Code clarification - use of map and $$

Anonymous Monk has asked for the wisdom of the Perl Monks concerning the following question:

Replies are listed 'Best First'.
Re: Code clarification - use of map and $$_ by Corion (Patriarch) on Aug 09, 2016 at 13:47 UTC
In your case, it's not `$$_`, but `$$_[...]`. The `$$...` is dereferencing a reference. `$$_[...]` can be rewritten as `$_->[ ... ]`, which might make the indexing of an array more obvious to you. See also References Quick Reference.	[reply] [d/l] [select]
Re^2: Code clarification - use of map and $$_ by Anonymous Monk on Aug 09, 2016 at 17:25 UTC
Collective huge thank you to everybody who contributed to this thread! Much to learn and read.
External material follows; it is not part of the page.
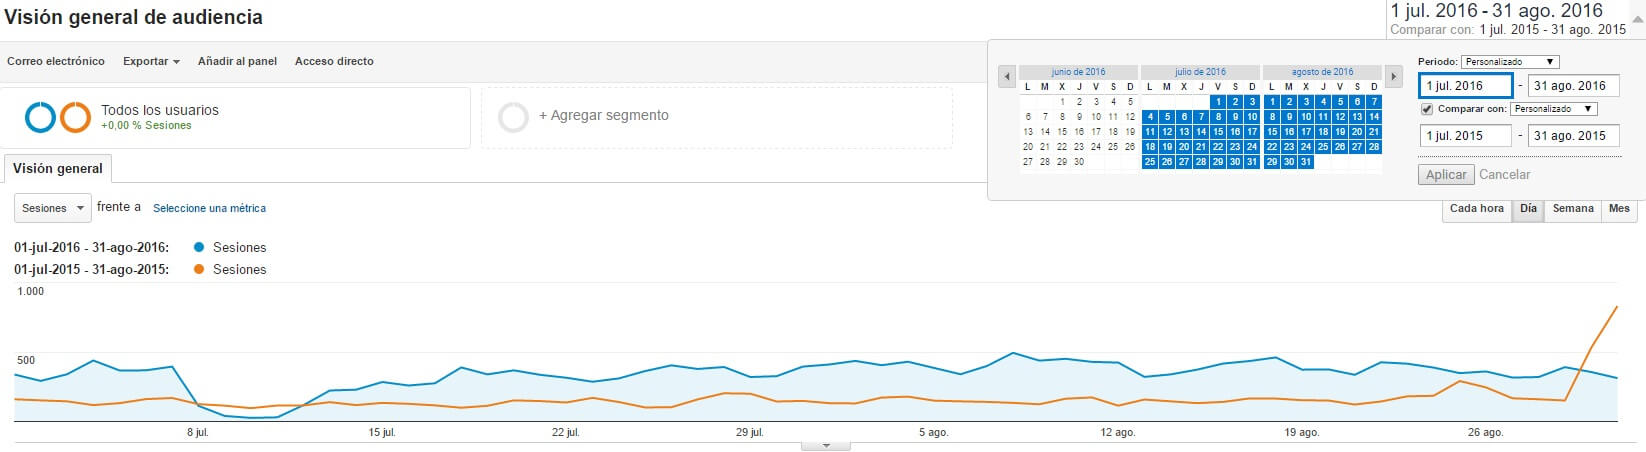 comparativa-periodos-google-analytics.jpg

Again: thanks!	[reply]
Re^2: Code clarification - use of map and $$_ by Anonymous Monk on Aug 09, 2016 at 14:05 UTC
Thanks for that. Why exactly would dereferencing be used here? Why not direct access to the variable?	[reply]
Re^3: Code clarification - use of map and $$_ by davido (Cardinal) on Aug 09, 2016 at 14:56 UTC
Because the list returned by `@{$r{$k}}` is a list of array references. On each iteration of the `map` loop one element is passed in from the array, `@{$r{$k}}`, to `$_`. That element is a reference to an array. Thus, to act upon its contents, you dereference it. Dave	[reply] [d/l] [select]
Re^3: Code clarification - use of map and $$_ by LanX (Saint) on Aug 09, 2016 at 14:55 UTC
> Why exactly would dereferencing be used here? Why not direct access to the variable? without digging too deep into this code ... `map` can only iterate over scalars. I.e. like a list of $array_refs, if you want to address different arrays ... > Why not direct access to the variable? if you mean something like `@array` as the "direct" variable, you CAN'T do something like `map { $_[0]++ } (@a,@b,@c)` to increment the first element of each array. The real problem with that code is the laziness of the author to use a clear style. Cheers Rolf _{(addicted to the Perl Programming Language and ☆☆☆☆ :) Je suis Charlie!}	[reply] [d/l] [select]
Re^3: Code clarification - use of map and $$_ by Corion (Patriarch) on Aug 09, 2016 at 14:06 UTC
I don't know. Maybe ask the original author of the script.	[reply]
Re: Code clarification - use of map and $$_ by AnomalousMonk (Archbishop) on Aug 09, 2016 at 15:01 UTC
`while (<IN>) { our(@F) = split(/\s+/, $_, 0); push @{$r{join ' ' x 8, @F[0..3]};}, [@F[4, 6]]; sub END { foreach $k (keys %r) { my($x, $y); map {$x += $$_[0]; $y += $$_[1];} @{$r{$k};}; my @g = split(/\s+/,$k); print OUT "$g[0]\t@g[1]\t@g[2]\t@g[3]\t", $x / scalar(@{$r +{$k};}), "\t$y\n"; } } }` [download] Another odd thing to note about this code is the `END` block planted in the middle of it, written in a disparaged way as a sub block. Please see the "BEGIN, UNITCHECK, CHECK, INIT and END" section in perlmod. Because all `END` blocks run at the end (!) of all other code, I think this chunk of code could more clearly and conventionally be written as: `while (<IN>) { our(@F) = split(/\s+/, $_, 0); push @{$r{join ' ' x 8, @F[0..3]};}, [@F[4, 6]]; } ... all other code ... END { foreach $k (keys %r) { my($x, $y); map {$x += $$_[0]; $y += $$_[1];} @{$r{$k};}; my @g = split(/\s+/,$k); print OUT "$g[0]\t@g[1]\t@g[2]\t@g[3]\t", $x / scalar(@{$r{$k} +;}), "\t$y\n"; } }` [download] Good luck. Give a man a fish: `<%-{-{-{-<`	[reply] [d/l] [select]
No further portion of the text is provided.